The Schrodinger equation only provides a statistical distribution of the possible outcomes of a measurement without specifying the underlying physical processes that cause the observed outcomes. The only scientifically reasonable conclusion would seem to be that the equation constitutes an incomplete description of physical reality. The Copenhagen interpretation of QM – that the wavefunction is all that can be known is not a rational scientific viewpoint. In physical reality things exist whether humans observe them or not, or have models of them or not.
There has long been a known alternative to the wavefunction only version of QM that was championed by John Bell himself. In Bohmian mechanics, in addition to the wavefunction, there is a particle and and a guiding wave. In that context the wavefunction provides the outcome probabilities for the particle/guiding-wave interactions. Bohmian mechanics constitutes a sound scientific hypothesis; the Copenhagen interpretation (however defined) offers nothing but incoherent metaphysical posturing. As in:
The physicists showed that, although making a measurement on one ion does not physically affect the other, it changes the context and hence the outcome of the second ion’s measurement.
So what is that supposed to mean exactly, in physical terms? The measurement of one ion doesn’t affect the second ion but it does alter the outcome of the second ion’s measurement? But what is being measured if not the state of the second ion? The measurement of the second ion has changed but the ion itself is unaltered, because the “context” changed? What does that mean in terms of physics? Did the measurement apparatus change but not the second particle? It’s all incoherent and illogical, which is consistent with the Copenhagen interpretation I suppose, but that’s not saying much.

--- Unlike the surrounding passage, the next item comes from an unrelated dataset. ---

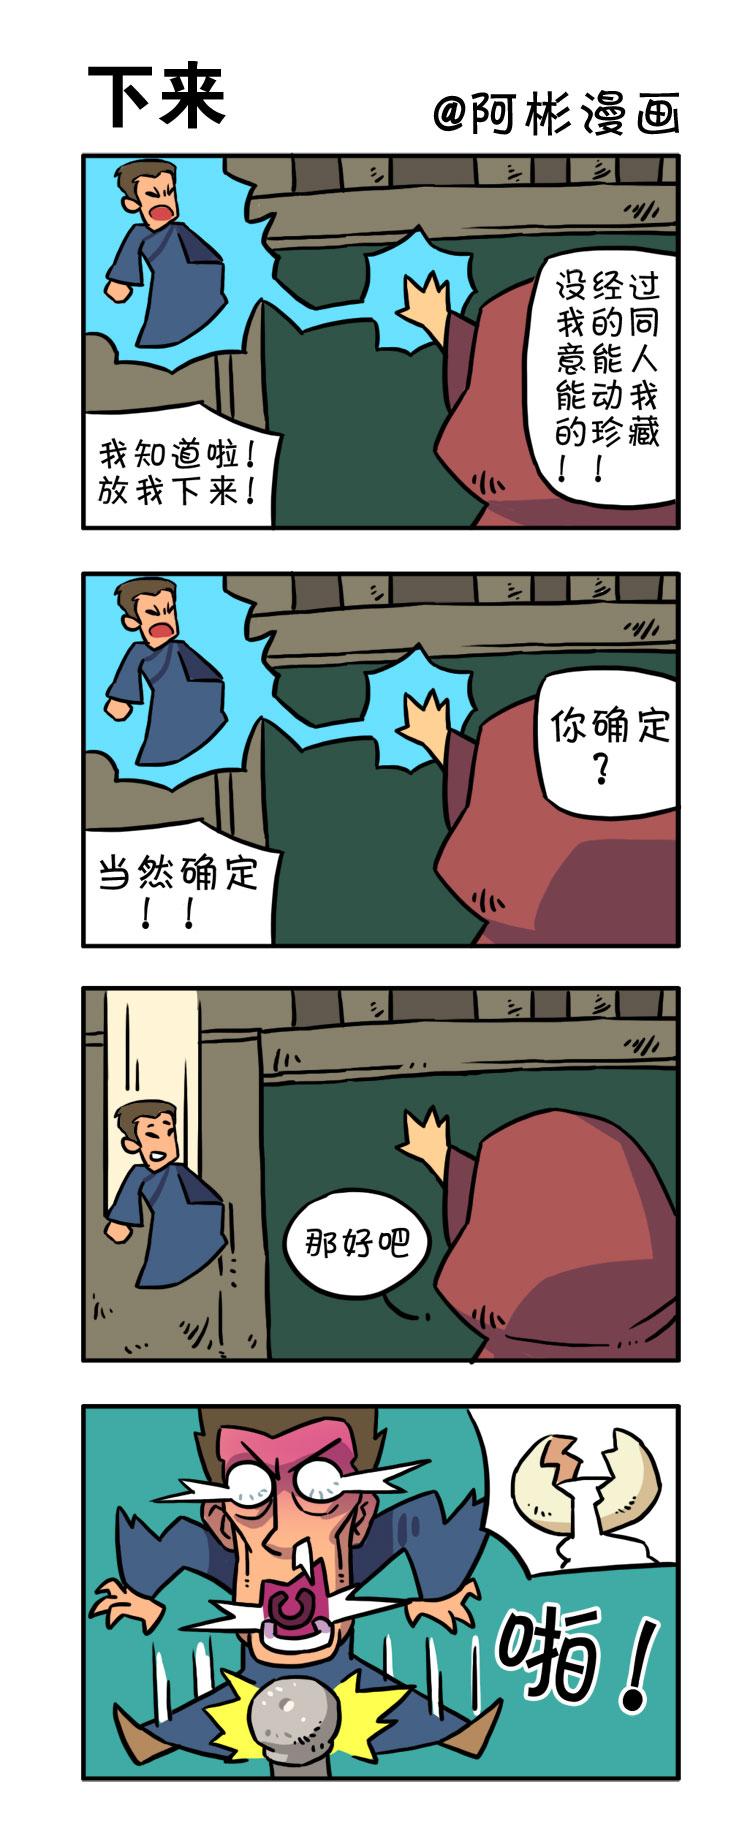 查看《【电影漫漫看】魔兽系列1》原图,原图尺寸:750x1836

Bohmian mechanics makes short work of this matter. There are two charged particles, each with a guiding wave; those guiding waves interact in typical wave-like fashion in the 4 dimensional frame of electromagnetic radiation. The charged particles are connected in, by, and across that 4D frame. By common understanding, such a 4D frame has no time dimension. That is what accounts for the seemingly instantaneous behavior. That’s physics, it could be wrong, but it is physics. Contextuality is math; math is not physics.

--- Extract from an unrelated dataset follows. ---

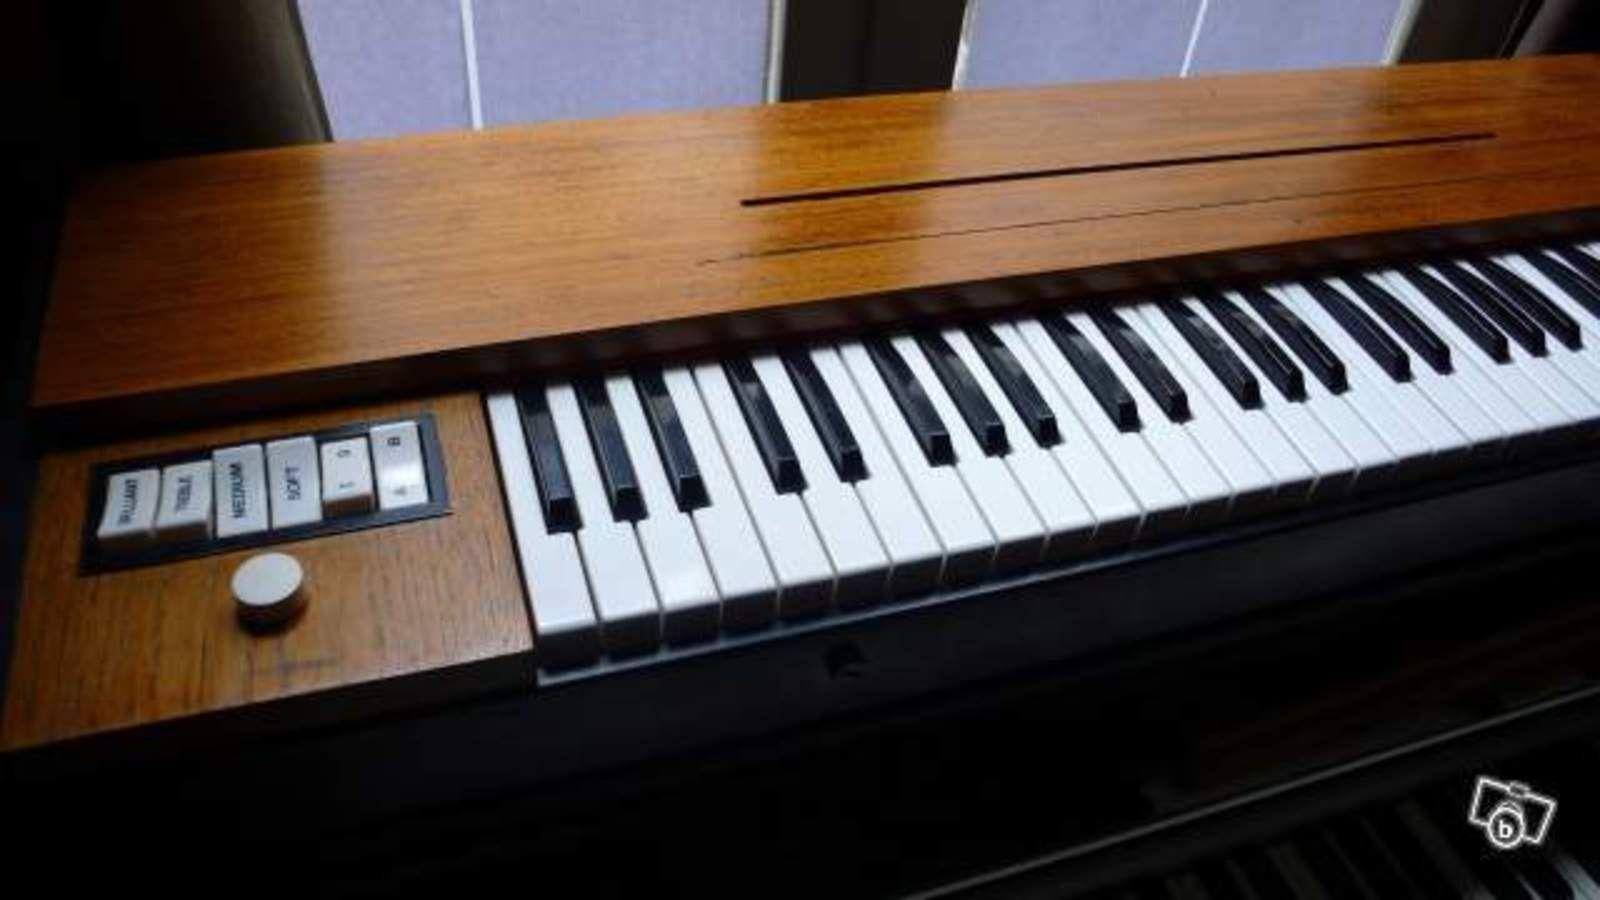 hohner clavinet d6 image 16395 audiofanzine. Black Bedroom Furniture Sets. Home Design Ideas

Theoretical physics in its current guise is an unscientific mess because physical reality has been subordinated to mathematical and metaphysical considerations. And so we have the ongoing crises in physics in which the standard models are so discordant with physical reality in so many different ways that it seems difficult to say what precisely is wrong.
The simple answer is that you can’t do science that way. Attempting to build physics models outward from the mathematical and metaphysical realms of the human imagination is wrong. Basing those models on 100 year old assumptions and holding those outdated assumptions functionally inviolable is wrong.
Science has to be rooted in observation (direct detection) and measurement. Mathematics is an essential modeling tool of science but it is only a tool; it is not, of itself, science.
Theoretical physics, over the course of the 20th century, devolved into the study of ever more elaborate mathematical models, invoking ever more elaborate metaphysical conjectures of an invisible realm knowable only through the distorted lenses of those standard models.
Physical reality has to determine the structure of our theoretical models. Currently theorists with elaborate models dictate to scientists (those who observe, measure, and experiment) that they must search for the theoretical components of their models, or at least some signs and portents thereof. Failure to find the required entities and events does not constitute a failure of the model however, only a failure, thus far, of detection (dark matter, etc.) or the impossibility of detection (quarks, etc.). In any event the models cannot be falsified; they need only be modified.
Modern theoretical physics is an exercise in mathematicism and it has come to a dead end. That is the crisis in physics and it will continue until the math first approach is abandoned. It is anybody’s guess when that will happen. The last dark age of western science persisted for a millennium.